Em Belo Horizonte, no dia 5 de novembro de 2025, o ministro da Secretaria-Geral da Presidência, Guilherme Boulos, afirmou que a tragédia de Mariana (MG) não deve ser considerada um desastre, mas sim um crime, lamentando a falta de punição aos envolvidos. Ele participou de um evento do Movimento dos Atingidos por Barragens (MAB) em memória do incidente que completou dez anos.
Reflexões sobre a tragédia
Boulos destacou que o rompimento da barragem de Fundão, ocorrido em 2015, causou a morte de 19 pessoas e devastou comunidades. Ele lamentou a absolvição dos réus envolvidos, incluindo a mineradora Samarco e suas controladoras, Vale e BHP, por falta de provas suficientes, segundo a Justiça Federal. O ministro afirmou que “demorar dez anos e ainda o resultado ser uma absolvição completa dessas pessoas não é razoável”.

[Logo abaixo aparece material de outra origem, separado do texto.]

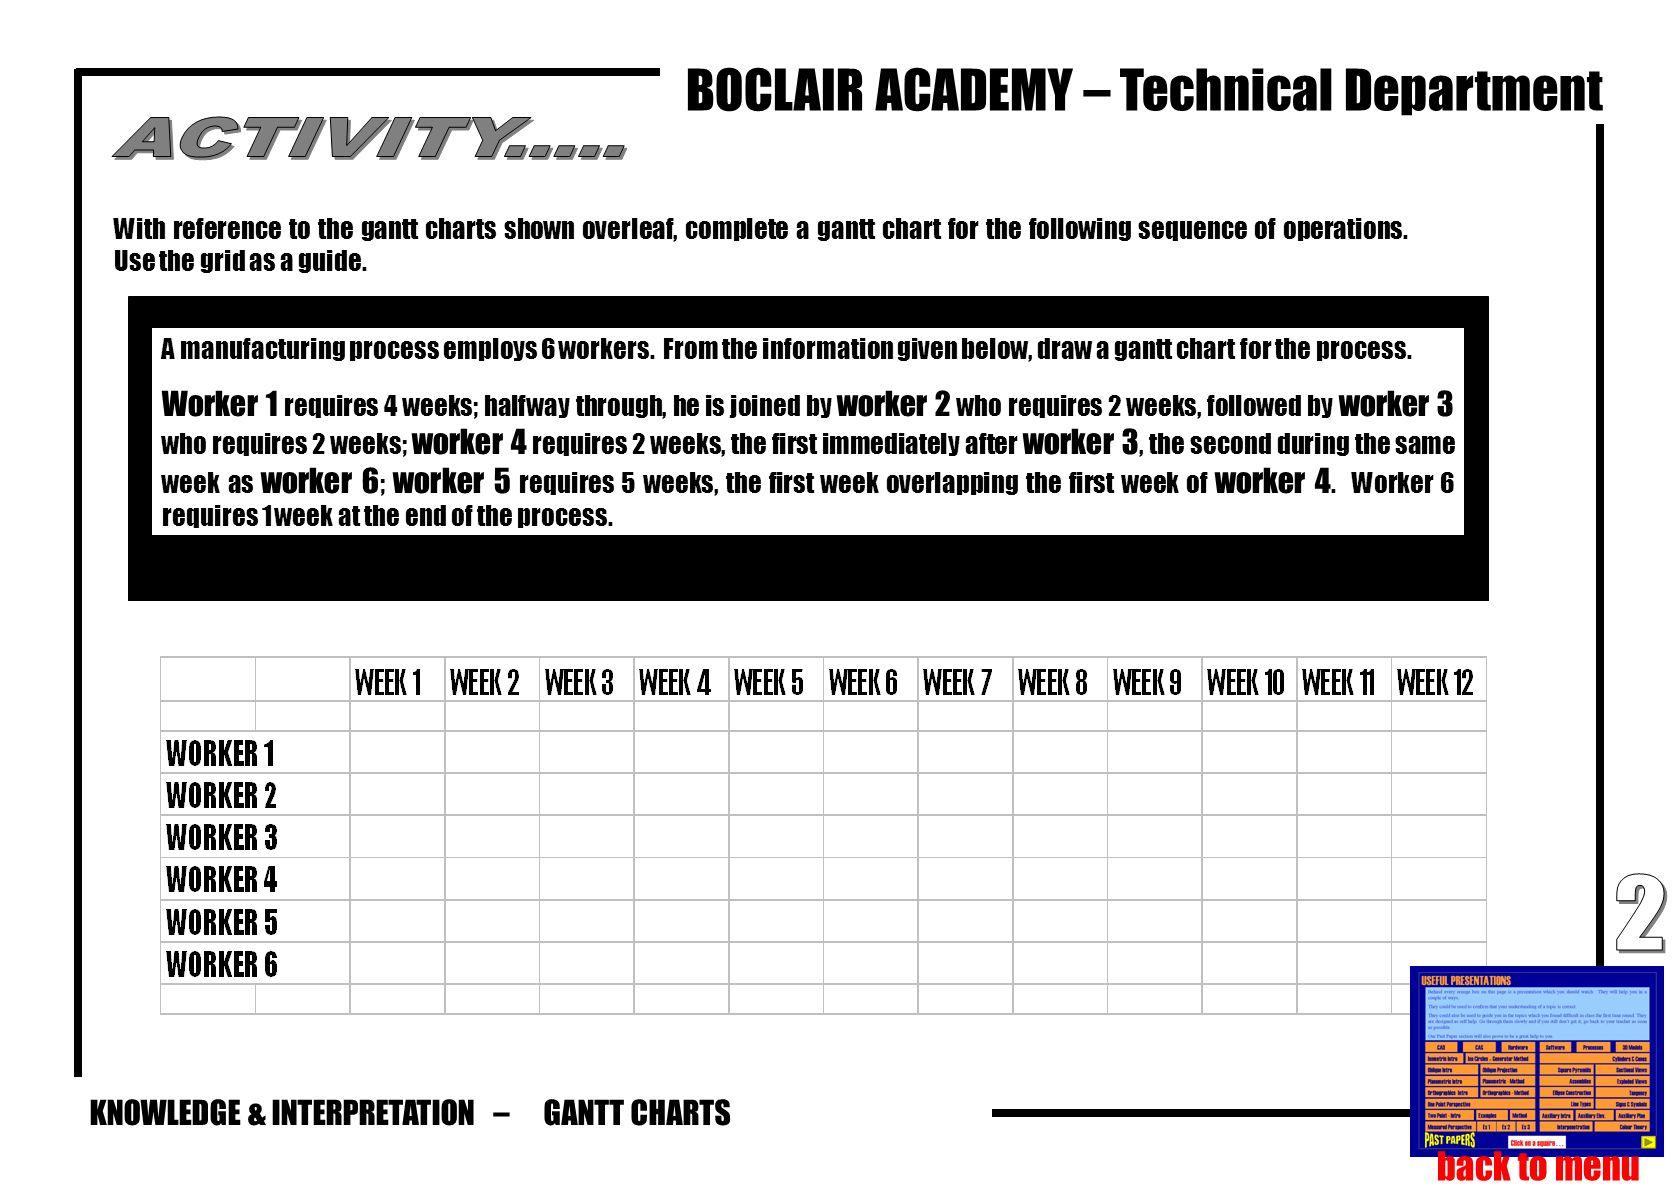 Knowledge Interpretation Boclair Academy Technical Department
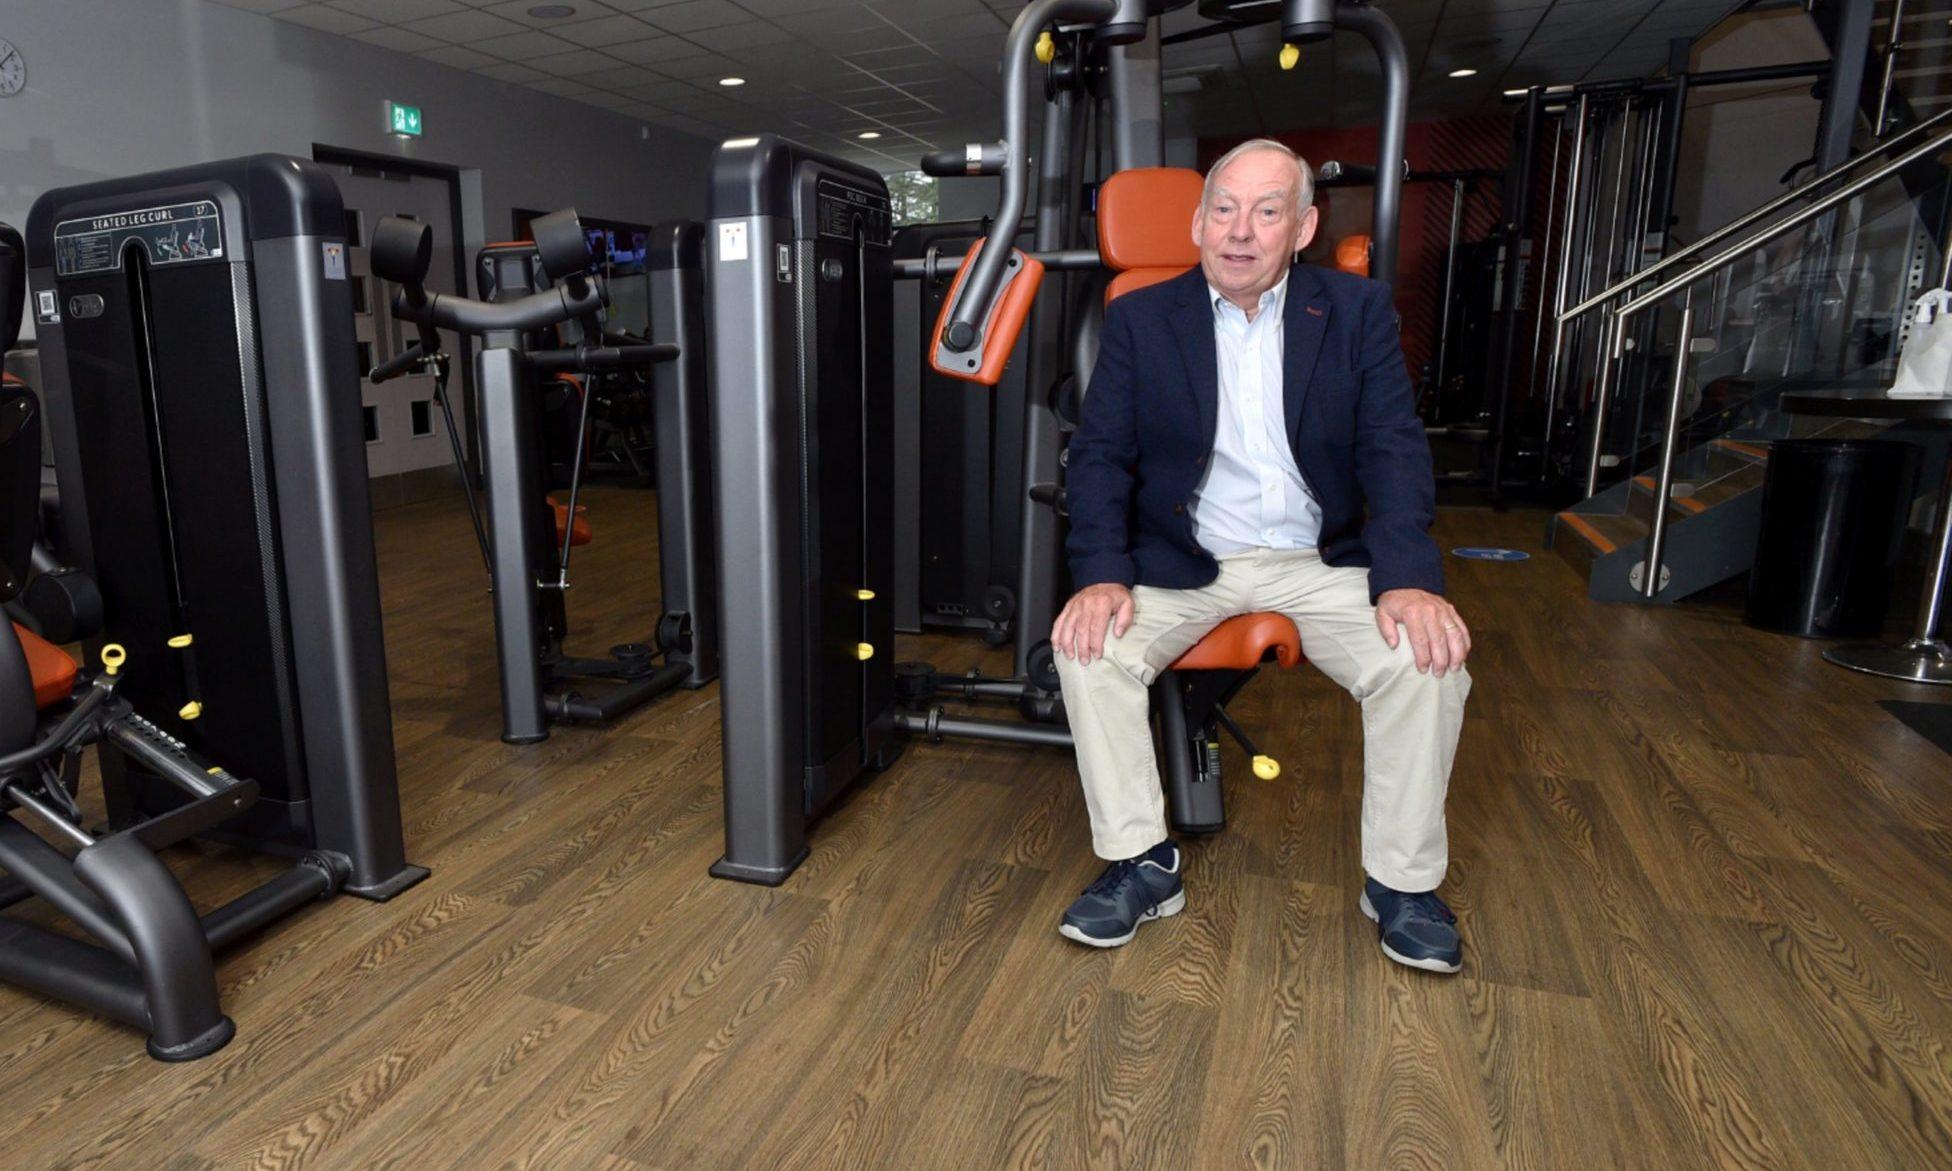 Sport Aberdeen Chairman Tony Dawson prepares for the reopening of Get Active @ Jesmond, Bridge of Don, Aberdeen.

Ausência do governador Zema
O evento também foi marcado pela crítica à ausência do governador Romeu Zema, que estava no Rio de Janeiro cumprindo compromissos. Boulos expressou sua decepção, ressaltando que a data é simbólica para o povo mineiro e deveria ter sido marcada pela presença do governador. Zema, que é pré-candidato à Presidência, tem enfrentado críticas por suas políticas de segurança pública e sua atuação em relação ao desastre.
Propostas para evitar novas tragédias
A ministra Macaé Evaristo, presente no evento, enfatizou a importância de relembrar as tragédias de Mariana e Brumadinho para que não se repitam. Ela mencionou a necessidade de avanços na legislação de licenciamento de empreendimentos, sugerindo que há projetos de lei em tramitação para evitar que eventos semelhantes ocorram novamente.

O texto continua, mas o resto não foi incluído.